Type SHAPE in the Name box.
Block names may contain up to 31 characters.
Click the Pick point box.
Define the centerline insertion as the base point for the block.
The Block Definition dialog box will reappear. Osnap may be used to locate an insertion point. The values listed in the Block Definition dialog box are XYZ values relative to the current origin.
The insertion base point will be a point on the object that will align with the screen cursor during the block insertion process.
In this example, the Osnap tool was used to define the intersection of the shape’s centerlines as the insertion point.
Select the OK box.
Click the Insert tab and select Insert from the Block panel.
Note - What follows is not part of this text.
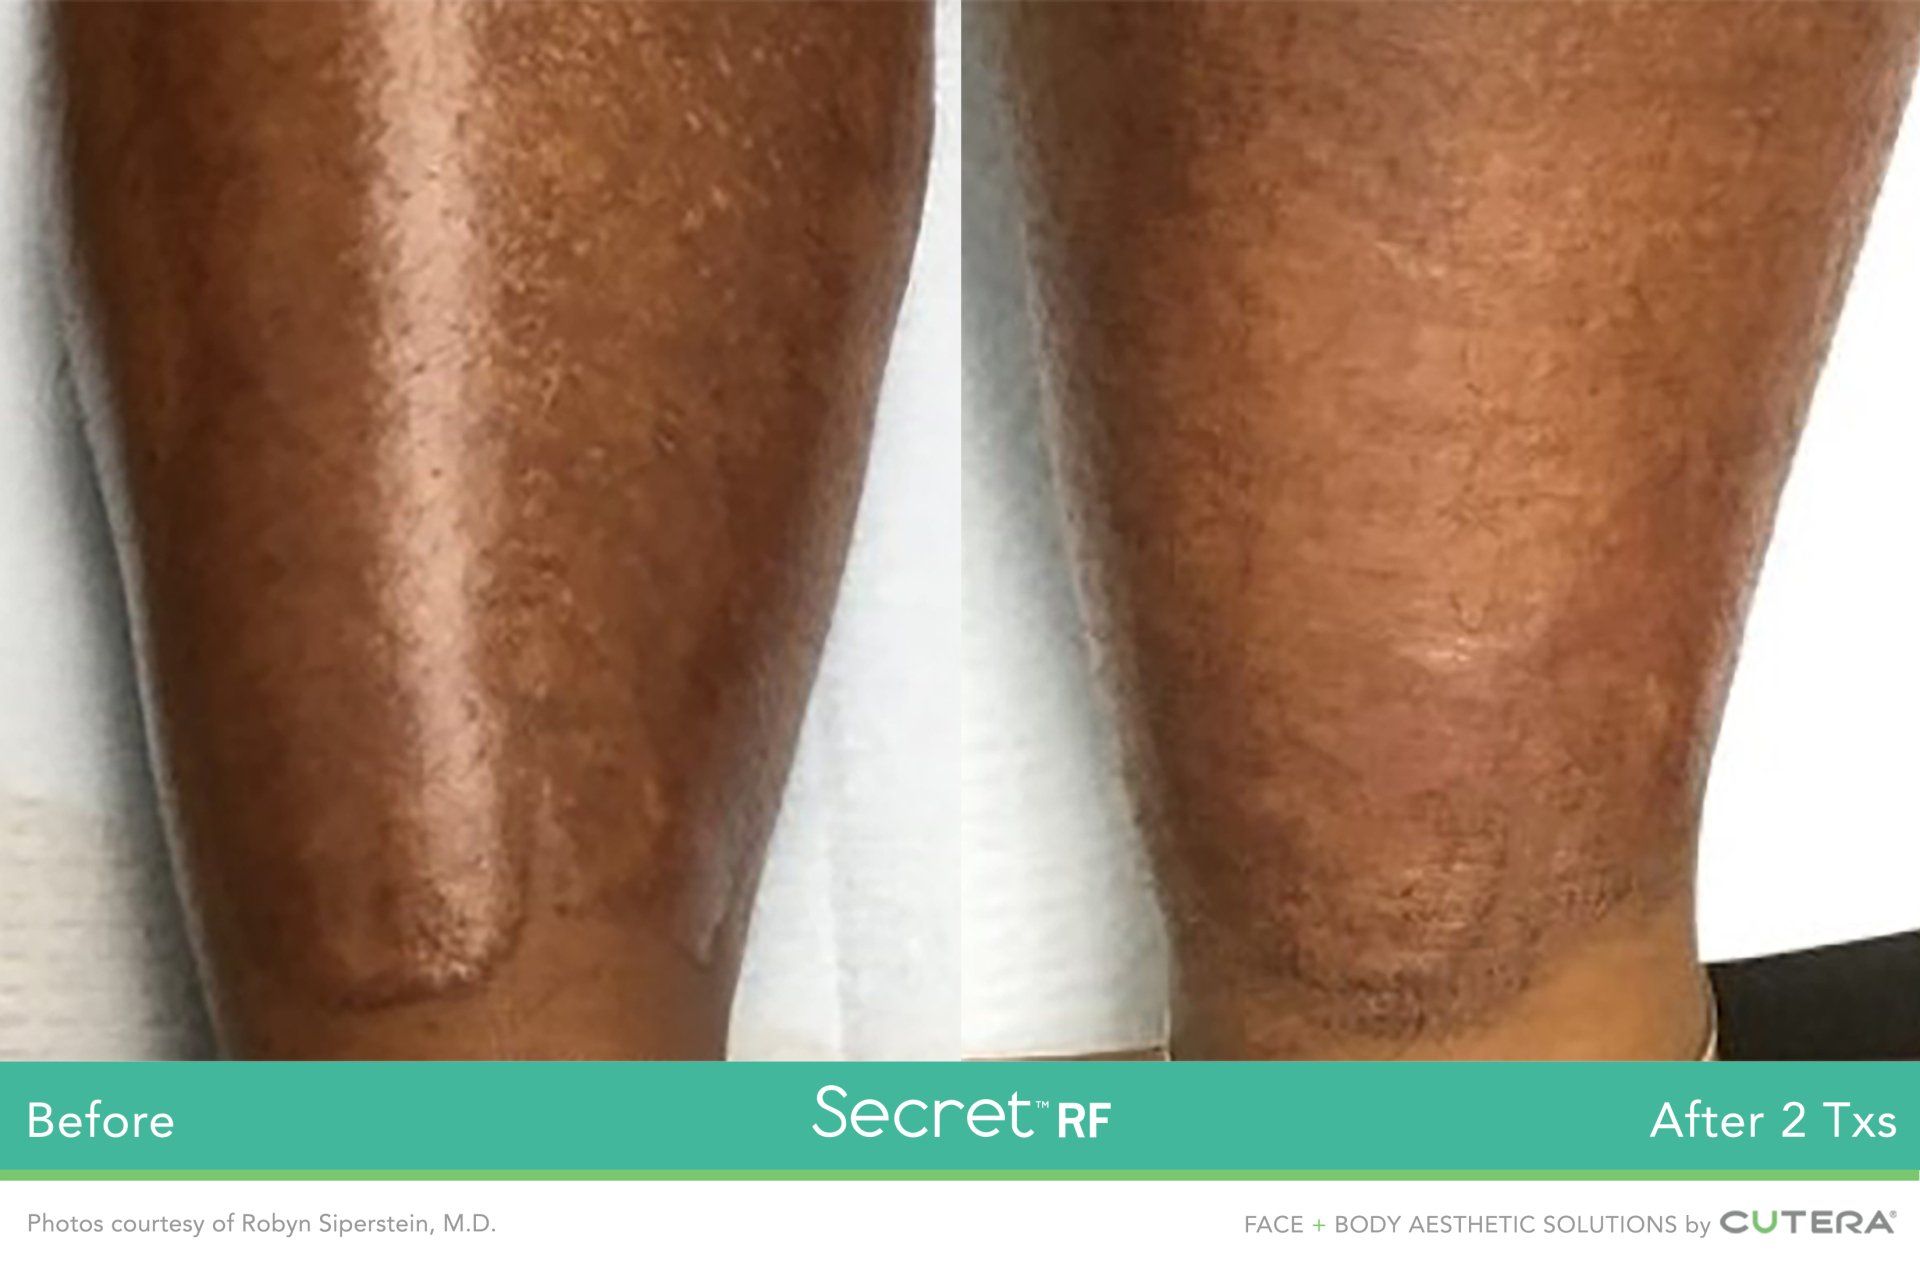 A before and after photo of a person 's legs.

Click the Recent Blocks option. See Figure 3-31.
A visual listing of recently created blocks will appear. See Figure 3-32.
Drag and drop the block onto the screen
The Shape block will appear on the screen with its insertion point aligned with the cursor.
Select the insertion point and click the mouse.
The Block will appear drawn to original scale it was created. The scale and angle of rotation can be edited.
The default scale factor is 1. This means that if you accept the default value by pressing Enter, the shape will be redrawn at its original size.
Select Insert from the Block panel.
Select the SHAPE block.
Specify insertion point or [Basepoint Scale X Y Z Rotate]:
Type S; press Enter.
Specify scale factor for XYZ axes:
Type 2; press Enter.
Specify insertion point:
Select a point.
The Rotation option is used to rotate a block about its insertion point. AutoCAD assumes that a horizontal line to the right of the insertion point is 0° and that counterclockwise is the positive angular direction.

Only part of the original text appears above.